Erythema nodosum (EN) is an inflammatory condition characterized by inflammation of the fat cells under the skin, resulting in tender red nodules or lumps that are usually seen on both shins. It can be caused by a variety of conditions, and typically resolves spontaneously within 30 days. It is common in young people aged 12–20 years.

Signs and symptoms

Pre-eruptive phase
The first signs of erythema nodosum are often flu-like symptoms such as a fever, cough, malaise, and aching joints. Some people also experience stiffness or swelling in the joints and weight loss.

Eruptive stage
Erythema nodosum is characterised by  nodules (rounded lumps) below the skin surface, usually on the shins. These subcutaneous nodules can appear anywhere on the body, but the most common sites are the shins, arms, thighs, and torso. Each nodule typically disappears after around two weeks, though new ones may continue to form for up to six or eight weeks. A new nodule usually appears red and is hot and firm to the touch. The redness starts to fade and it gradually becomes softer and smaller until it disappears. Each nodule usually heals completely without scarring over the course of about two weeks. Joint pain and inflammation sometimes continue for several weeks or months after the nodules appear.
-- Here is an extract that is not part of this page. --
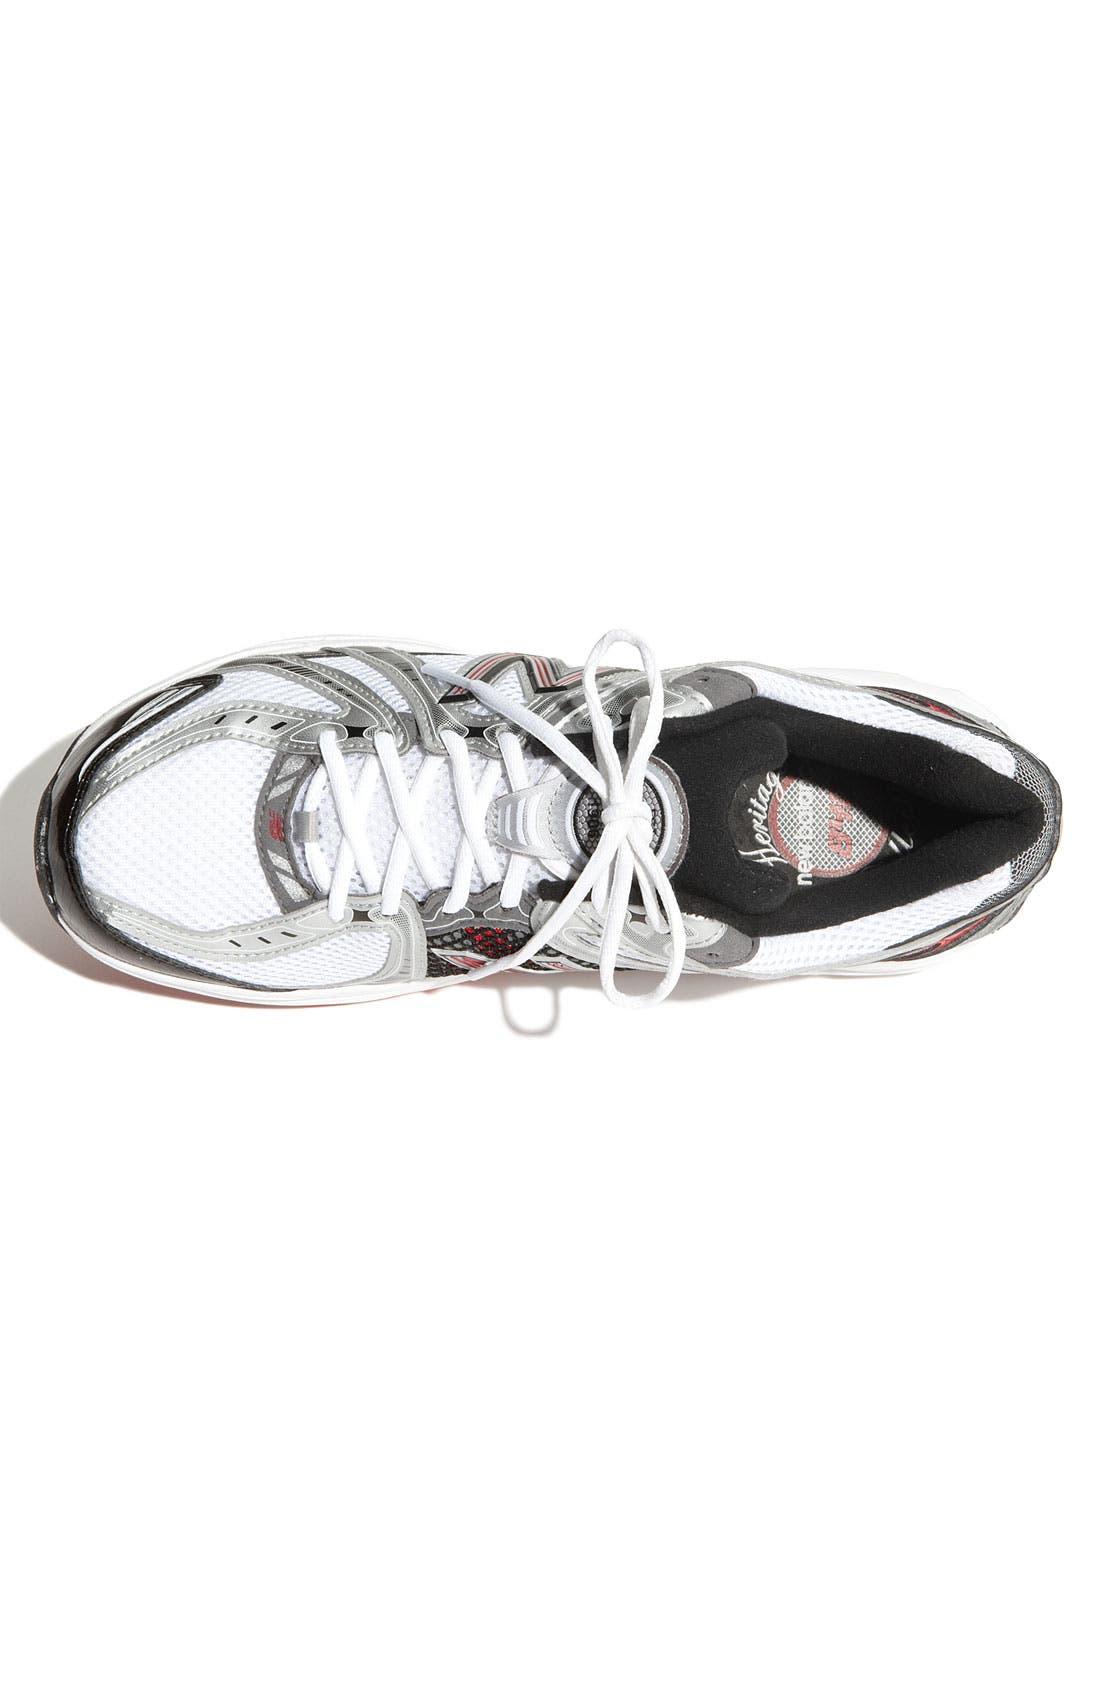 Alternate Image 3  - New Balance '840' Running Shoe (Men) (Online Only)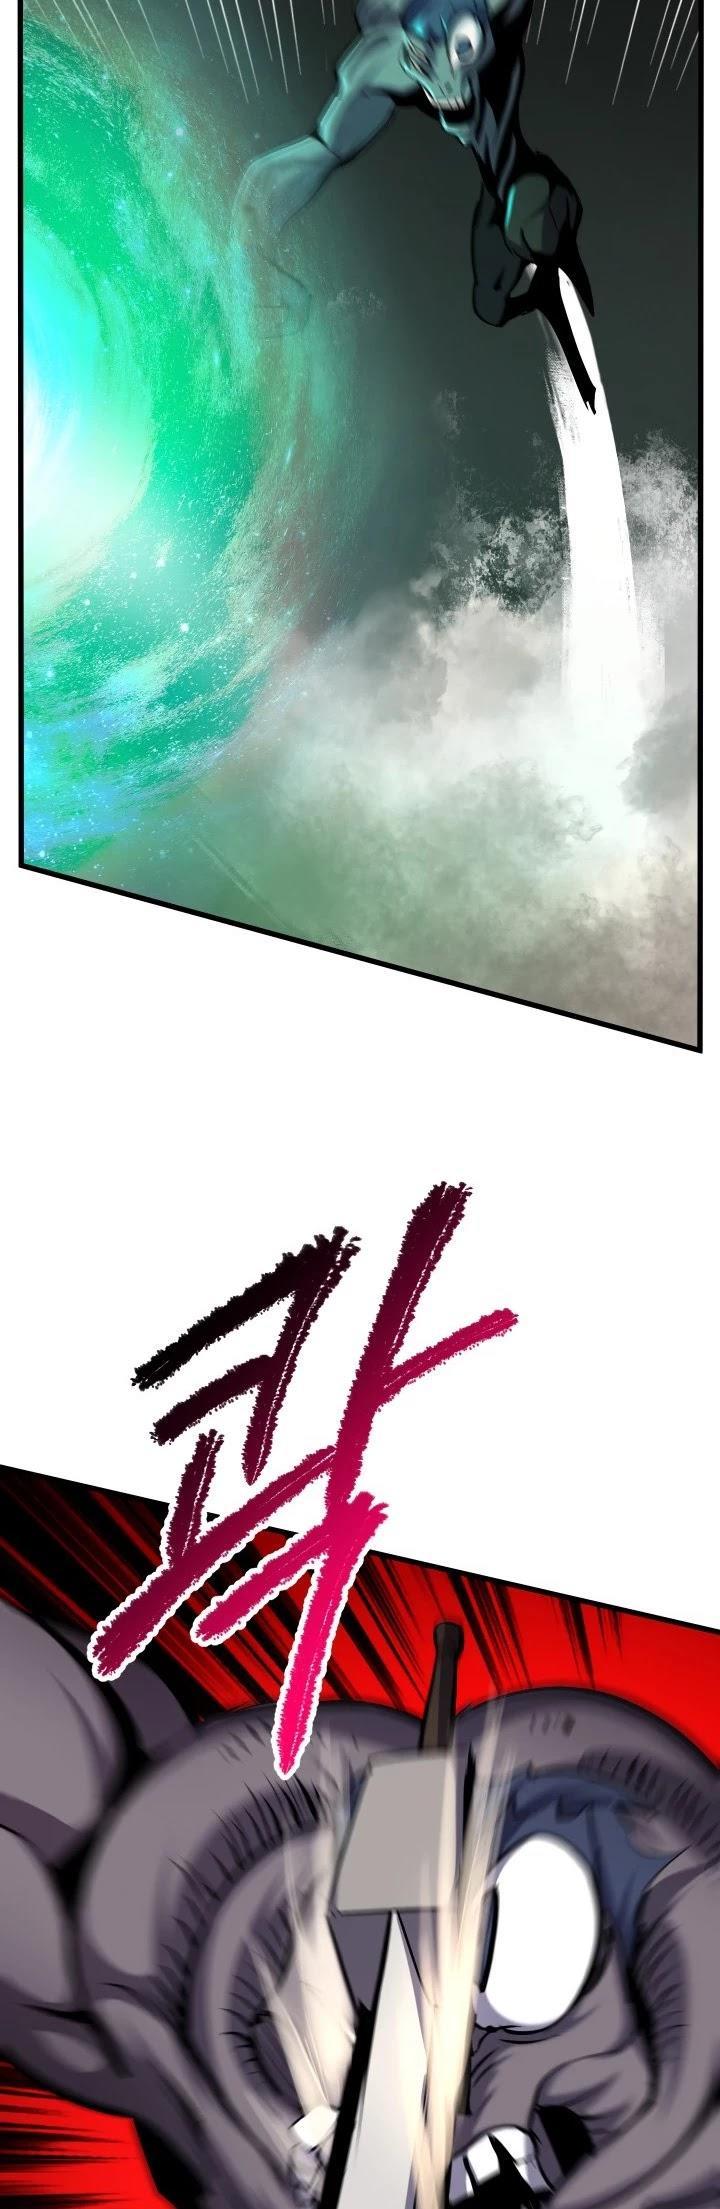 Survival Story Of A Sword King In A Fantasy World Chapter 44 page 27 - Mangakakalots.com

Less common variants of erythema nodosum include:
 Ulcerating forms, seen in Crohn's disease
 Erythema contusiforme,  when a subcutaneous hemorrhage (bleeding under the skin) occurs with an erythema nodosum lesion, causing the lesion to look like a contusion (bruise)
 Erythema nodosum migrans (also known as subacute nodular migratory panniculitis), a rare form of chronic erythema nodosum characterized by asymmetrical nodules that are mildly tender and migrate over time.

Causes
EN is associated with a wide variety of conditions.

Idiopathic
About 30–50% of EN cases are idiopathic (of an unknown cause).

Infection
Infections associated with EN include:
 Streptococcal infection which, in children, is by far the most common precipitant
 Primary infection of tuberculosis
 Mycoplasma pneumoniae
 Histoplasma capsulatum
 Yersinia
 Lymphogranuloma venereum (LGV), caused by the bacteria Chlamydia trachomatis
 Epstein-Barr virus
 Coccidioides immitis (Valley fever)
 Cat scratch disease

Autoimmune disorders
Autoimmune disorders associated with EN include:
 Inflammatory bowel disease (IBD): about 15% of patients develop erythema nodosum.
 Behçet's disease
 Sarcoidosis

Pregnancy
Pregnancy may be associated with EN.

Medications
Medications associated with EN include:
 Omeprazole
 Sulfonamides
 Penicillins
 Bromides
 Hepatitis B vaccination

Cancer
Cancers associated with EN include:
 Non-Hodgkin's lymphoma (NHL)
 Carcinoid tumours
 Pancreatic cancer

EN may also be due to excessive antibody production in lepromatous leprosy leading to deposition of immune complexes.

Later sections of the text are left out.